「すべての人を一つに」
ヨハネ福音書17:20-26
十字架に向かう直前の祈り。いわば、地上におけるイエスの最後の祈り。
イエスは今従う弟子だけでなく、十字架後、復活の主に先導される弟子の伝道により導かれる人たちのためにも祈りを捧げる。この祈りに示されるイエスの愛はたえず広がって行く躍動的なものなのである。それは父なる神と子なるキリストの一体性に閉じられてはおらず、いつも開かれており、「すべての人」が招き入れられ「一つ」の交わりとされることを示している。

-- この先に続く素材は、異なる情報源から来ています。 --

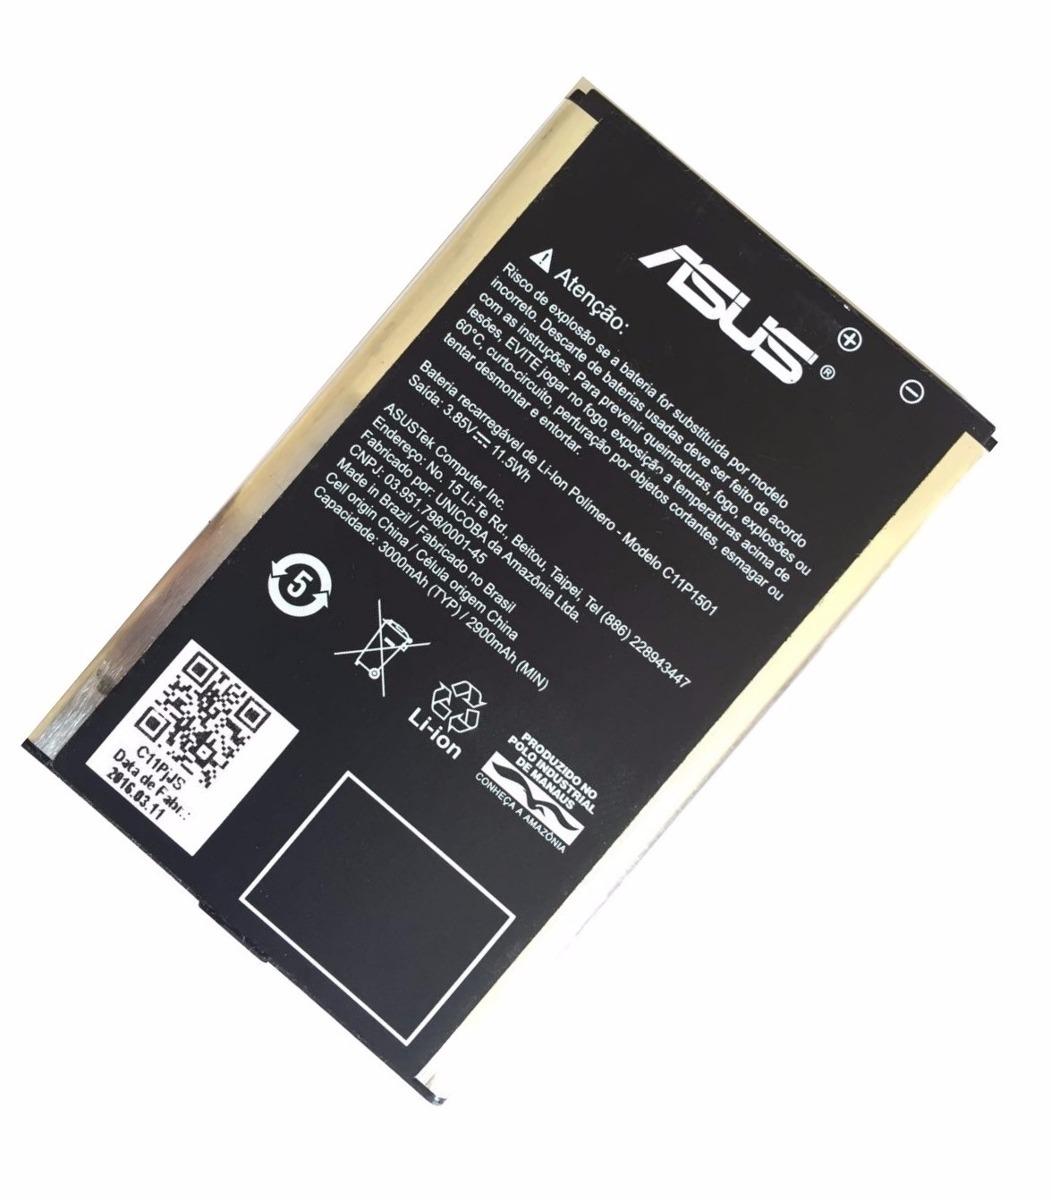 Bateria Asus Zenfone 2 Laser Ze551kl C11p1501 Original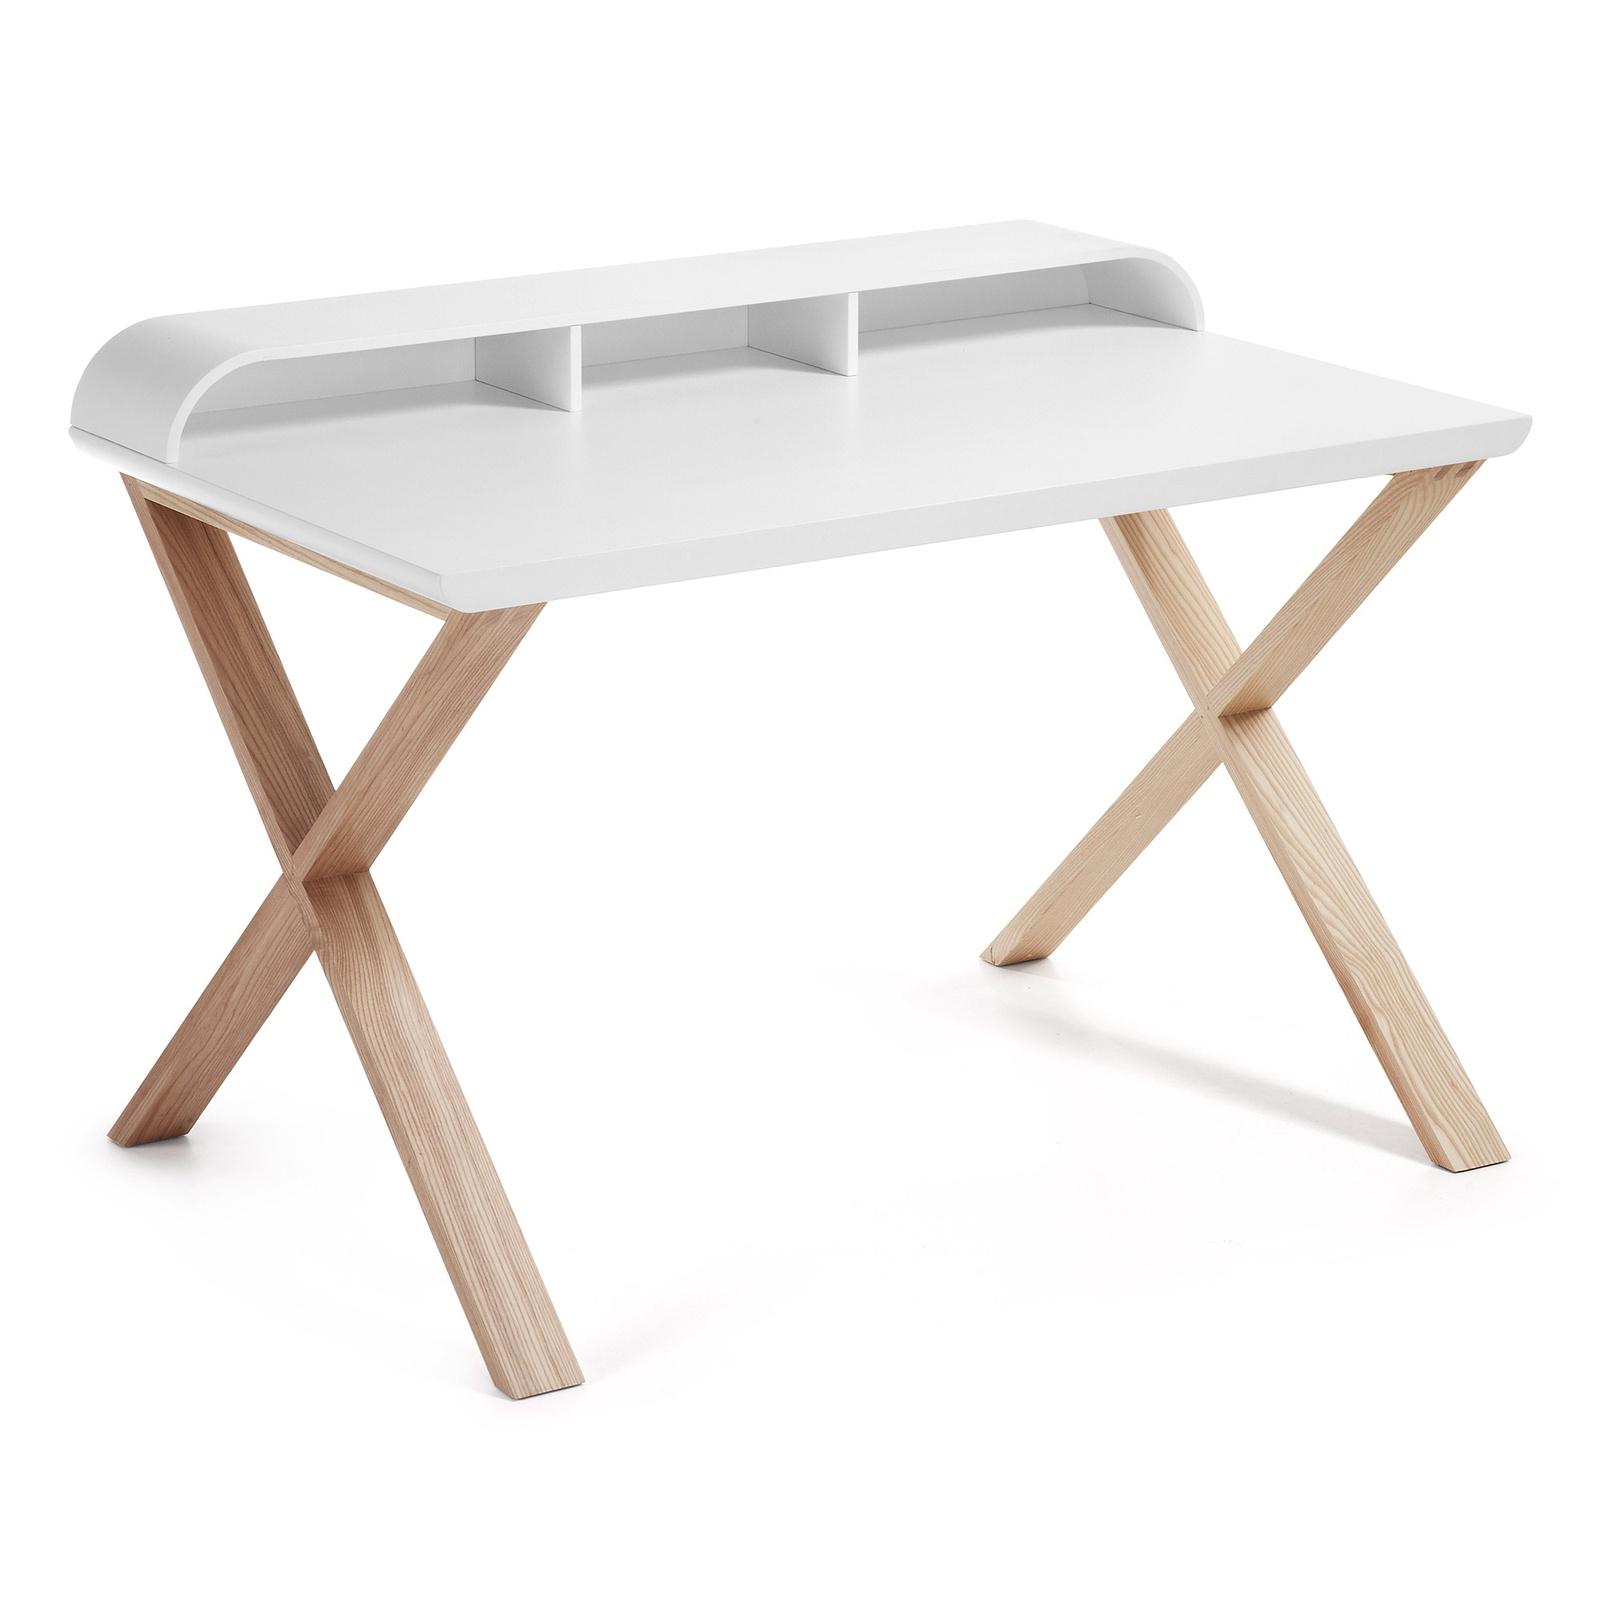 Письменный стол Success 120x79 матовый белый C285L05 Ш.120 В.85 Г.79 Вес 28.7кг; Материал Массив; Цвет Белый

十字架、復活後、弟子たちは、復活のキリストに先導されイエスを受け入れない世に対して、イエスとは父なる神が世に遣わした神の子であることを証し、世がそのことを信じるようになる働きを担う。
これは「良い羊飼い」のたとえにある「わたしには囲いに入っていないほかの羊もいる。」との言葉にも暗示されている。「世」は「言」(キリスト)を認めず、イエスをメシアであると公に言い表すものを排除するが、弟子たち(教会)はいつも開かれており、世に対する神の愛を示し続けるのである。その愛とは世を神に近づけさせる道を示すものでもあった。
わたしたちは、「言」を知らなかった、知っても受け入れなかったひとりであったが、導かれ受け入れる時が与えられた。
「彼らのためだけでなく、彼らの言葉によってわたしを信じる人々のためにもお願いします。」とのイエスの十字架前の祈りは、私たちにおいても成就した。「キリストを信じる人」はこれからも教会に与えられる。日々の生活でこの方がそのひとりかもしれないと示される人が与えられる時がある。そのような時十字架前の祈りが思い起こされるだろう。祈りつつ、私たちの前に備えられたひとりを神の愛に近づけたいと思う。このひとりに仕えること、それが「すべての人を一つに」との使命を果たすための第一歩なのである。